TrojanDownloader

Discussion in 'NOD32 version 1 Forum' started by ozzi_dingo, Sep 14, 2004.

Thread Status:
Not open for further replies.
  1. ozzi_dingo

    ozzi_dingo Guest

    i cant repair nor delete this Trojan with nod and or avg7.
    I'm not to keen on installing Norton 2004 as its slows down my sys.
    i dont know how to regidit, is that a posability and if so can someone walk me throught it ??

    File C:\Documents and Settings\jane doe\Local Settings\Temporary Internet Files\Content.IE5\AH2JIT85\0006_regular[1].cab is infected with trojan Win32/TrojanDownloader.IstBar.NAD. NOD32 cannot clean this infiltration.
     
  2. Blackspear

    Blackspear Global Moderator

    Joined:
    Dec 2, 2002
    Posts:
    15,115
    Location:
    Gold Coast, Queensland, Australia
    Disclaimer: The following procedure is to be used at your own risk!

    Wilders Security Forums assumes no responsibility for any problems that may result from your use of the steps or tools described within this procedure.

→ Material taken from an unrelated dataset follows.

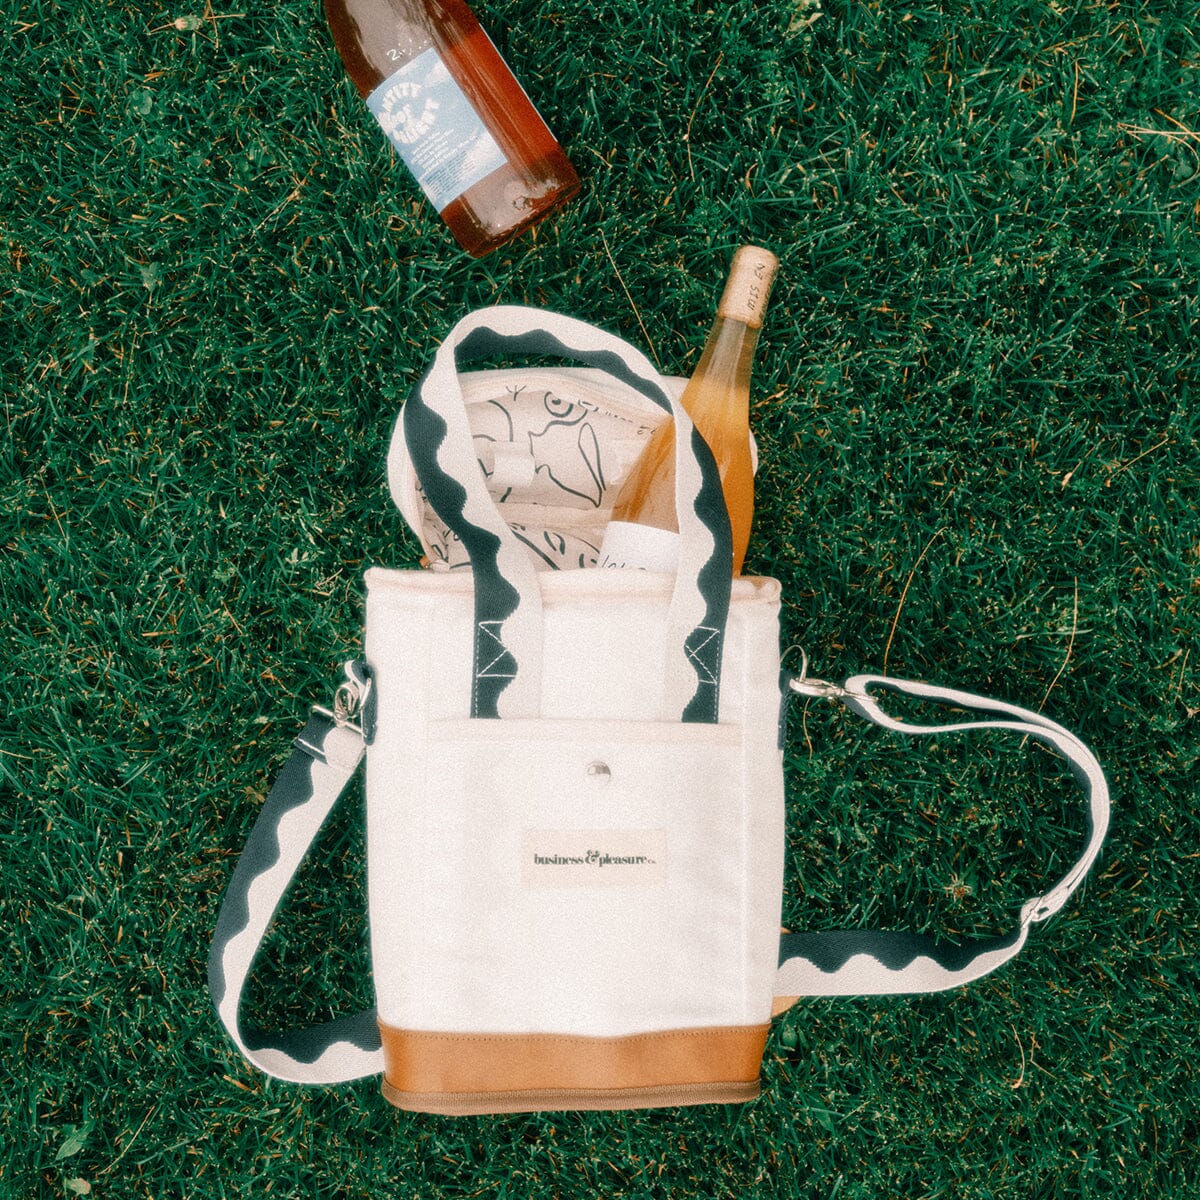 The Wine Cooler Tote Bag - Rivie White Wine Cooler Tote Bag Business & Pleasure Co 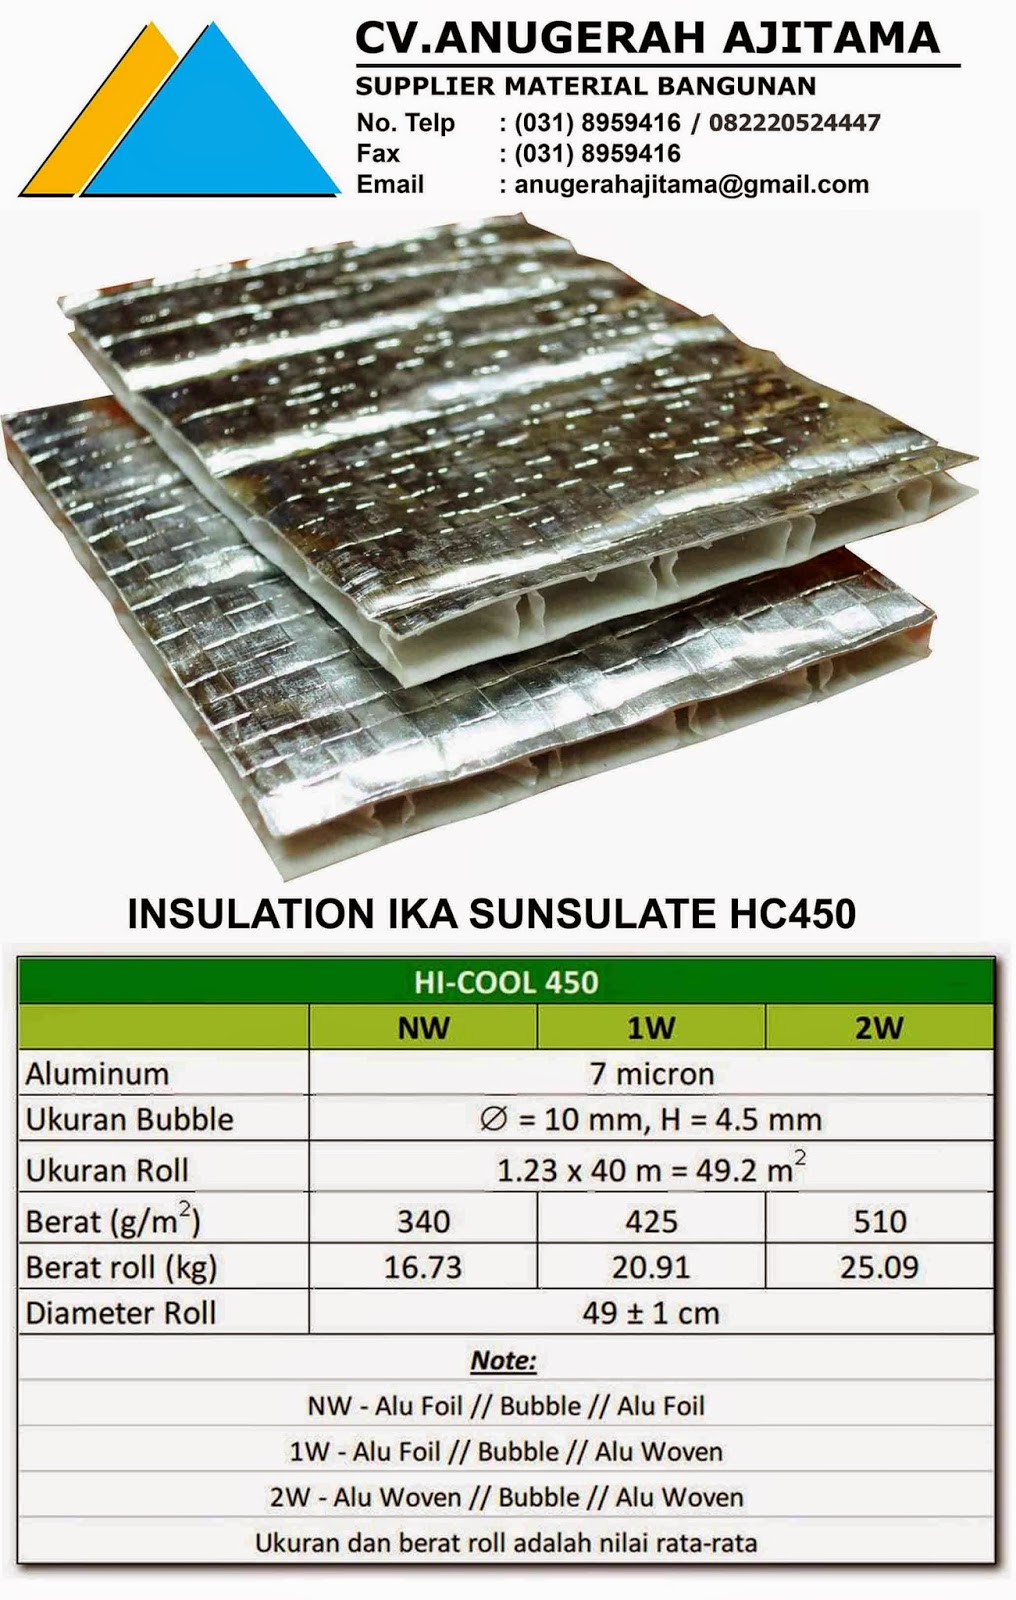 INSULATION IKA SUNSULATE HC450

Once a system has been infected, attempts to clean the infection can result in further damage, data loss or additional problems.







    BEFORE you start, UNDERSTAND something very clearly;

    If the steps below do NOT fix your problem

    You will have to post a “Hijack This Log” at one of the forums found at A-SAP

    For the most part what I have suggested fixes the greater majority of problems out there...however, it does NOT fix everything.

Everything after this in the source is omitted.